In begründeten Fällen kann die Kommission dem Mitgliedstaat auf dessen Antrag die Aufschiebung dieses Zeitpunkts gestatten."

Nationales Recht

Das Post- und Fernmeldegesetzbuch

6 Bis zur Umsetzung der Richtlinie 97/13 waren die öffentlichen Telekommunikationsdienste in Italien gemäß Art. 1 Abs. 1 des Post- und Fernmeldegesetzbuchs (Codice postale e delle telecomunicazioni, im Folgenden: Codice postale) im Anhang des Dekrets des Präsidenten der Republik Nr. 156 über die Genehmigung des Gesetzes über den Postdienst, den Postbankdienst und die Telekommunikation (Approvazione del testo unico delle disposizioni legislative in materia postale, di bancoposta e di telecomunicazioni) vom 29. März 1973 (GURI Nr. 113 vom 3. Mai 1973, Supplemento ordinario) dem Staat vorbehalten.

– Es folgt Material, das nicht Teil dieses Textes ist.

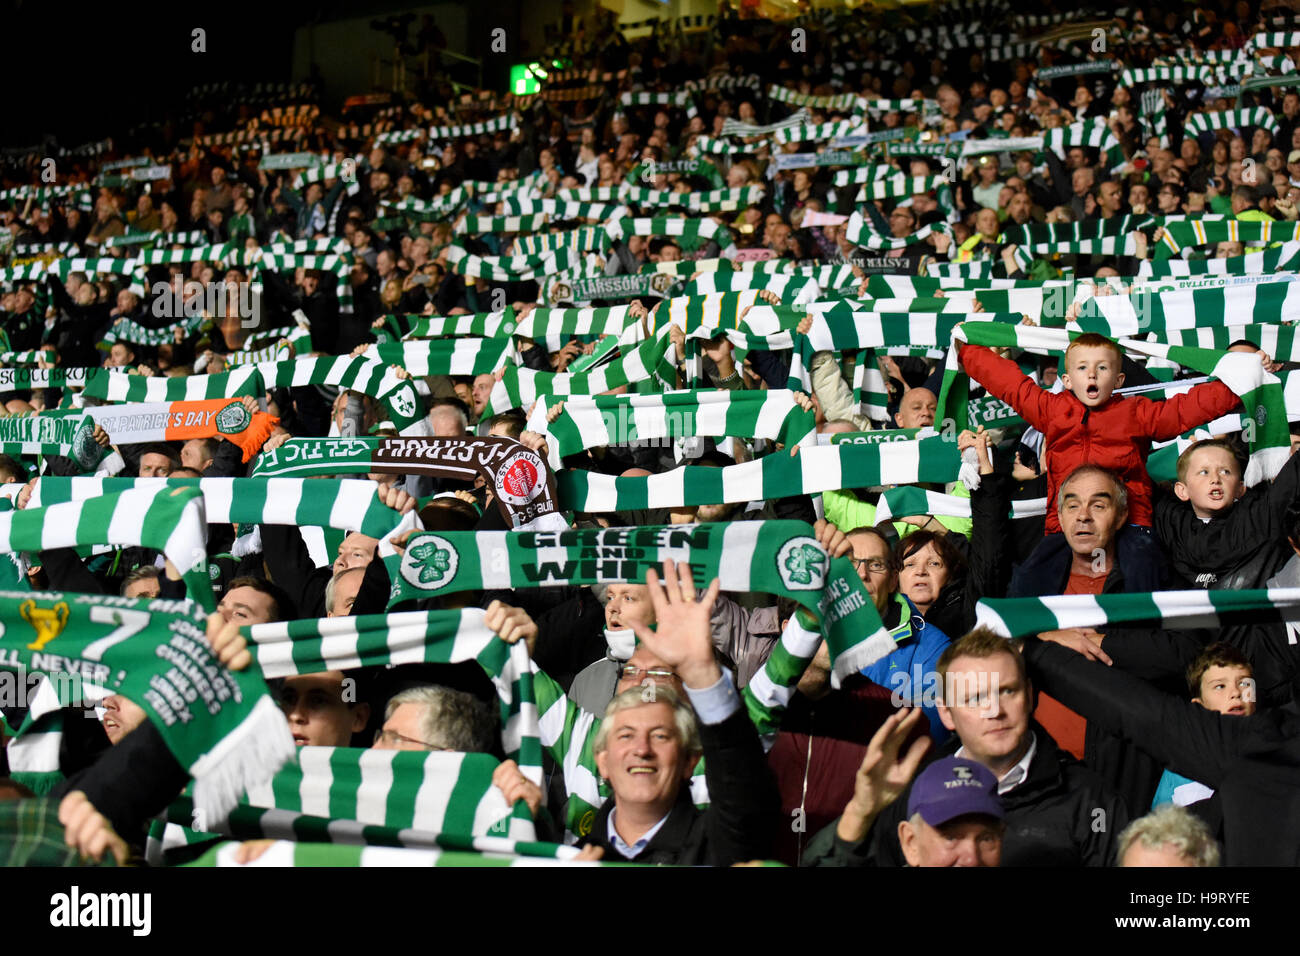 CelticFC fans sing a special rendition of “You'll Never Walk Alone

7 Nach Art. 188 des Codice postale "[ist der] Konzessionär ... verpflichtet, eine jährliche Abgabe nach Maßgabe des vorliegenden Dekrets, der Verordnung oder des Konzessionsakts an den Staat zu zahlen". Diese Abgabe wurde nach den Bruttoeinnahmen oder -erlösen aus den von der Konzession erfassten Diensten unter Abzug der an die Konzessionärin des öffentlichen Netzes bezahlten Beträge berechnet.

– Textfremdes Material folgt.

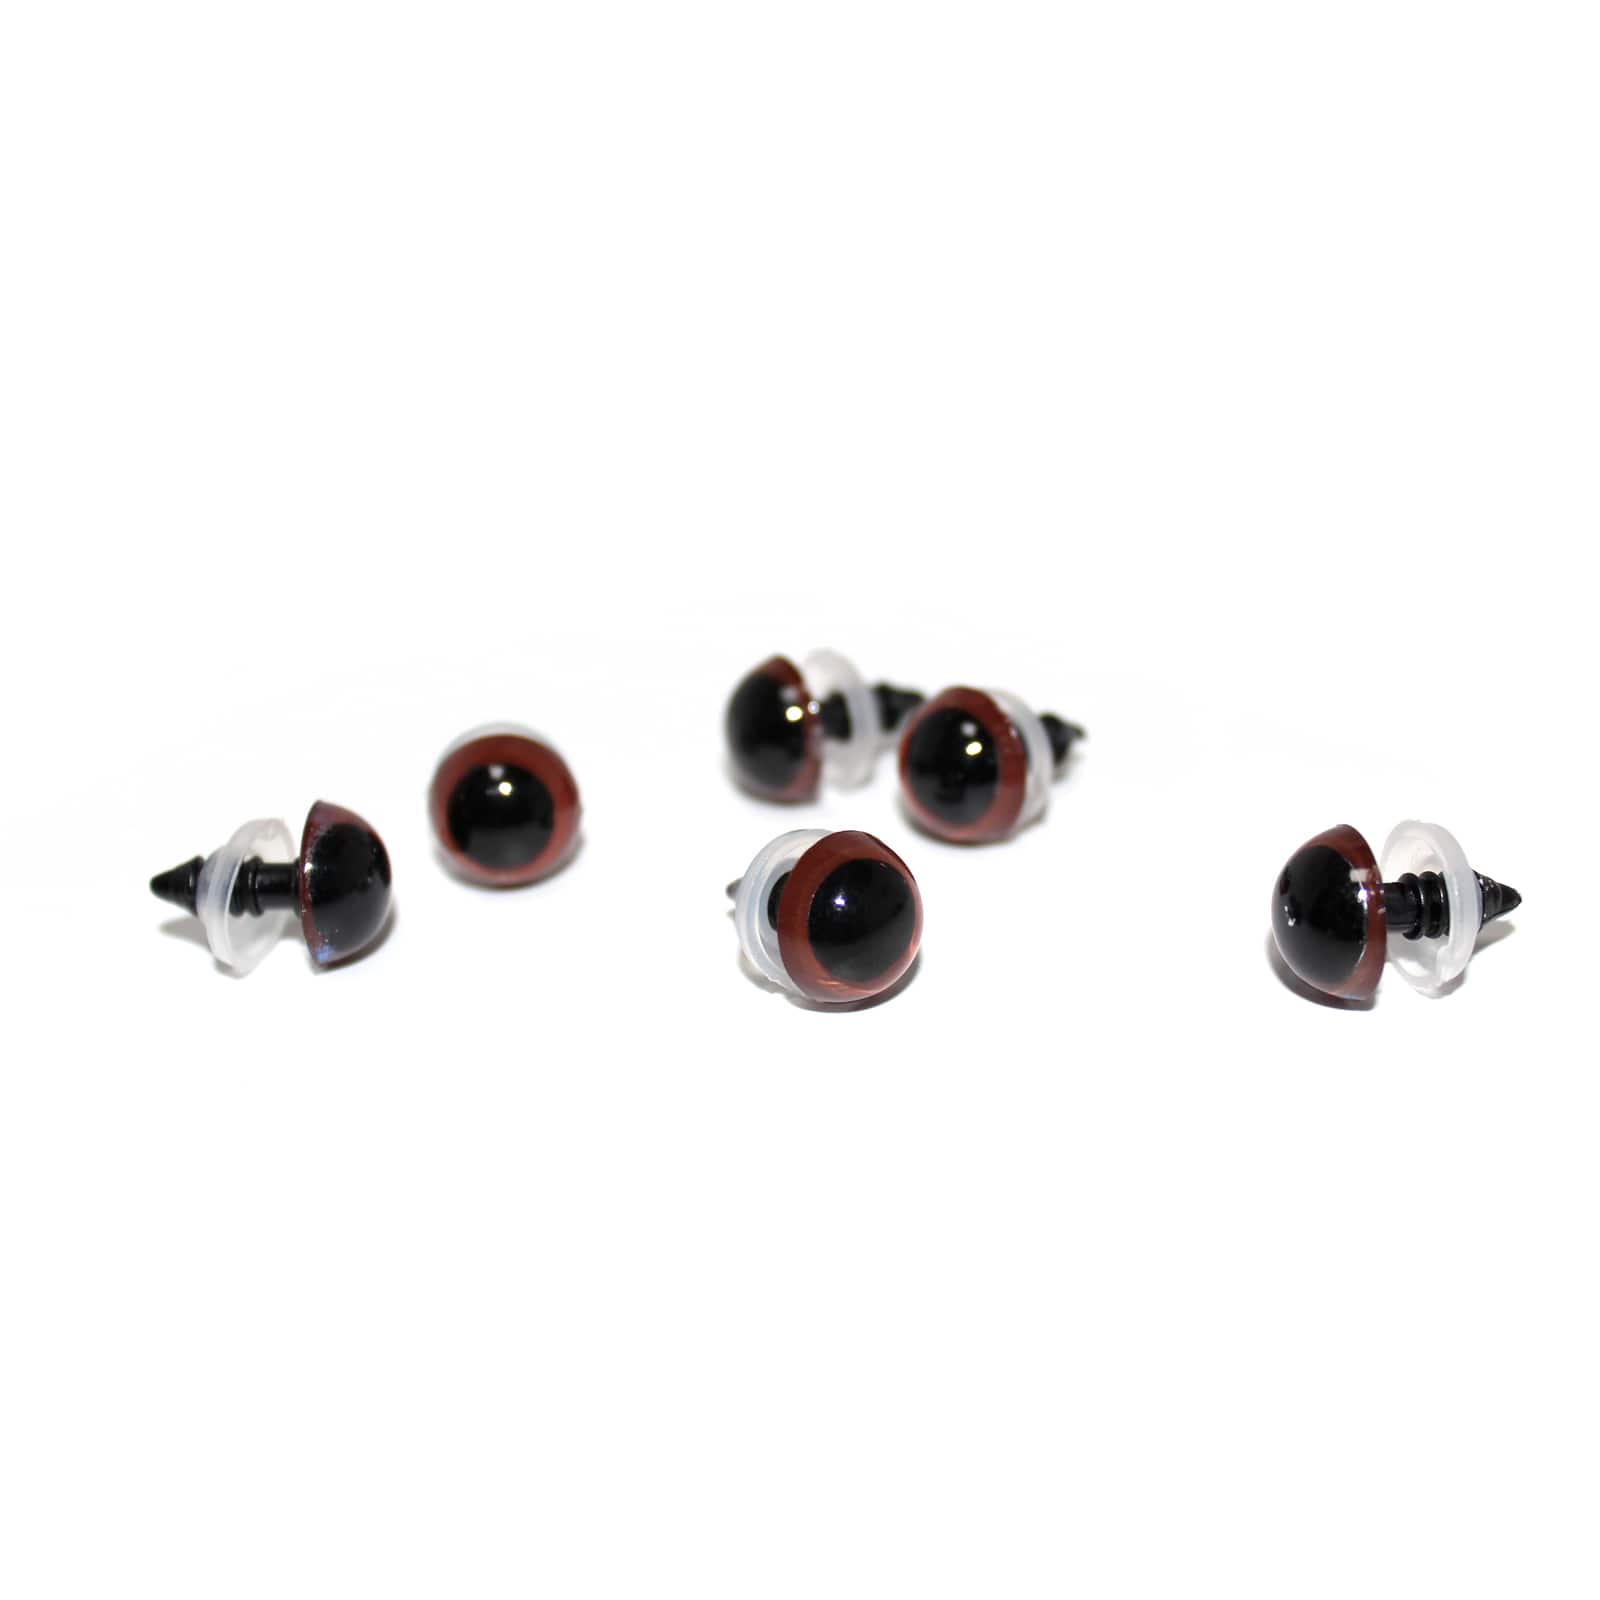 2 X 2 10 MM PAIR TOY MAKING 4 EYES IN TOTAL. BLACK PLASTIC SAFETY EYES

Das Dekret des Präsidenten der Republik Nr. 318

8 Die Richtlinie 97/13 wurde insbesondere durch das Dekret des Präsidenten der Republik Nr. 318 zur Durchführung der Gemeinschaftsrichtlinien auf dem Gebiet der Telekommunikation (Regolamento per l'attuazione di direttive comunitarie nel settore delle telecomunicazioni) vom 19. September 1997 (GURI Nr. 221 vom 22. September 1997, Supplemento ordinario, im Folgenden: Dekret Nr. 318/1997) umgesetzt.

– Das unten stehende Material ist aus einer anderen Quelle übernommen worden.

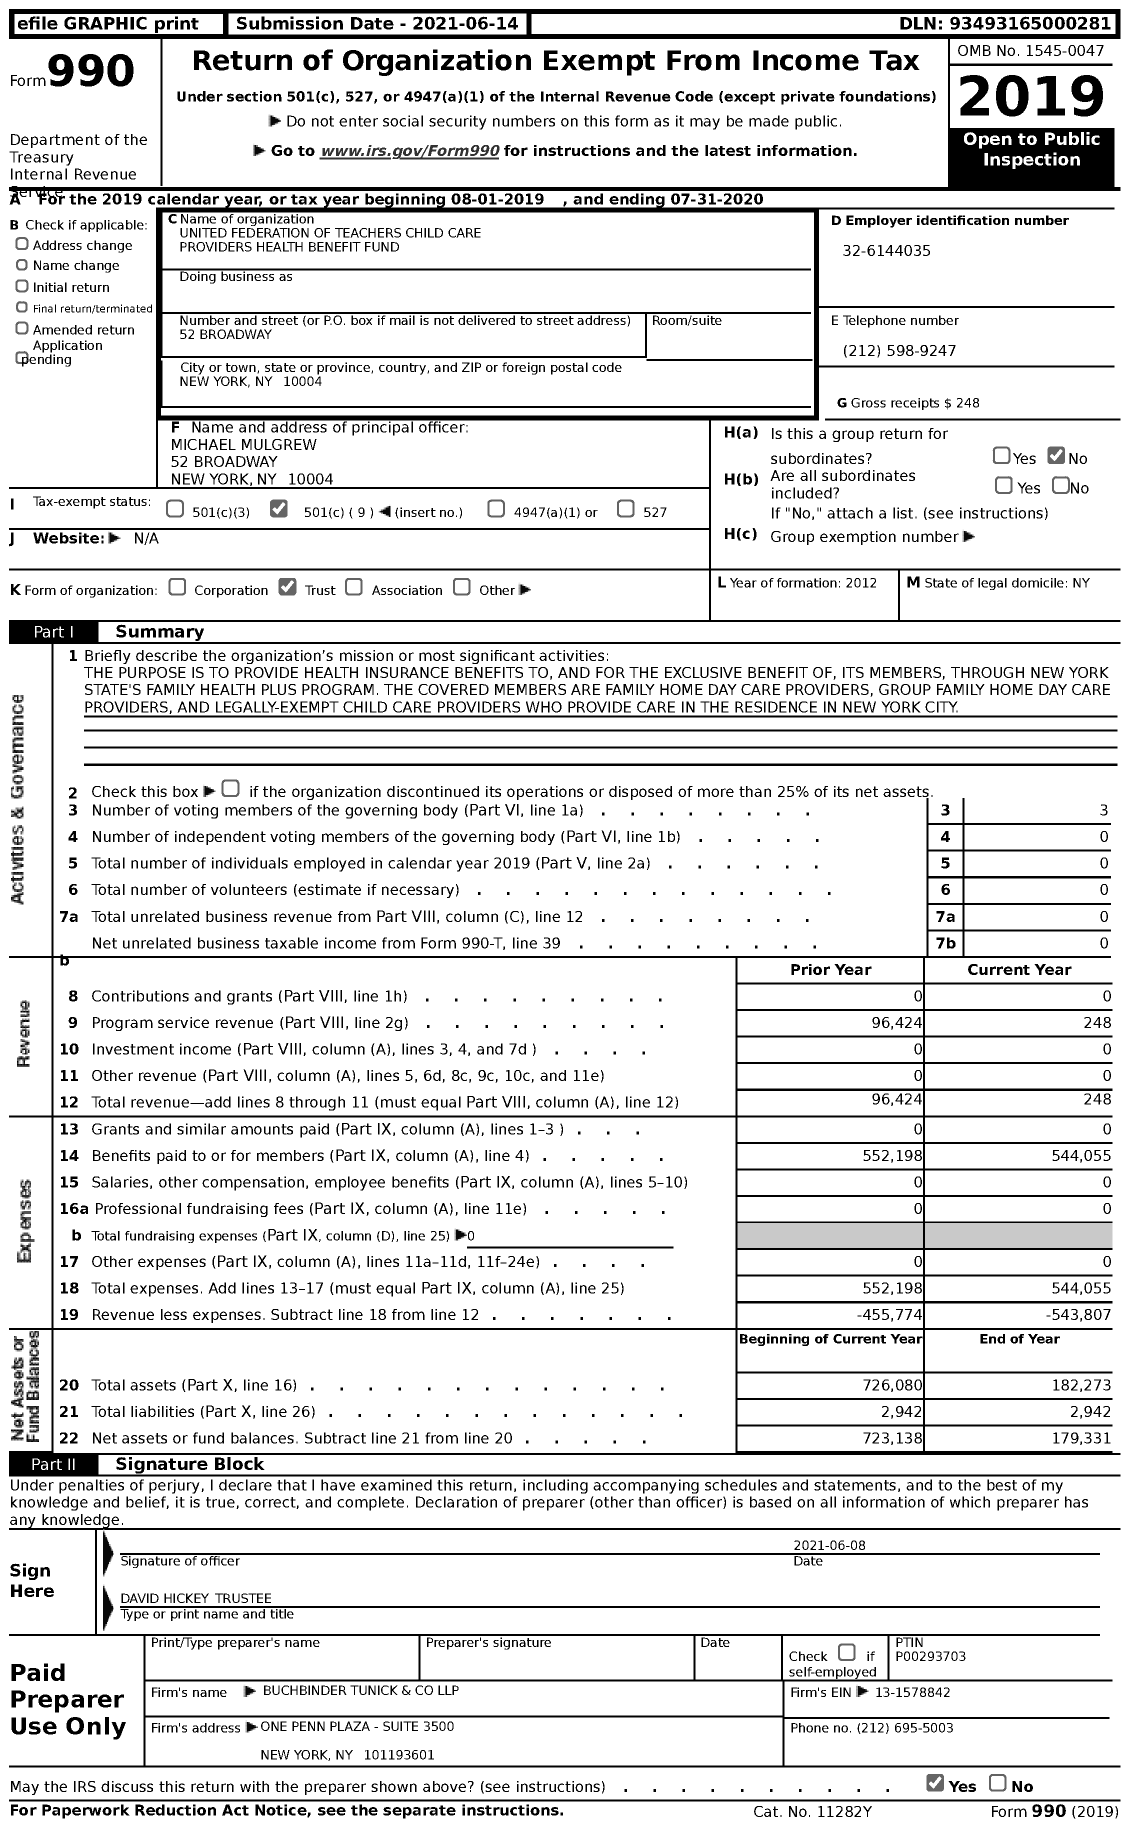 Image of first page of 2019 Form 990 for United Federation of Teachers Child Care Providers Health Benefit Fund

9 Art. 2 Abs. 3 bis 6 dieses Dekrets bestimmt:

"(3) Die besonderen und ausschließlichen Rechte zur Erbringung von Sprachtelefondiensten und zur damit verbundenen Einrichtung und Bereitstellung öffentlicher Telekommunikationsnetze werden bis zum 1. Januar 1998 aufrechterhalten. ...

(4) Die Konzessionen zum Gemeingebrauch und die in Art. 184 Abs. 1 des Codice postale genannten Genehmigungen, die bei Inkrafttreten dieser Verordnung bestanden, werden auf Initiative der [nationalen Regulierungsbehörde] vor dem 1. Januar 1999 geändert, um sie an die Bestimmungen dieser Verordnung anzupassen.

(5) Hat die Anwendung dieser Verordnung Änderungen der Bestimmungen der bestehenden Konzessionen und Genehmigungen zur Folge, bleiben unbeschadet der Rechte, die den anderen Unternehmen insbesondere nach dem Gemeinschaftsrecht zustehen, die Bestimmungen mit Ausnahme derjenigen gültig, mit denen besondere oder ausschließliche Rechte gewährt werden, die nach dieser Verordnung aufgehoben worden sind oder aufgehoben werden müssen.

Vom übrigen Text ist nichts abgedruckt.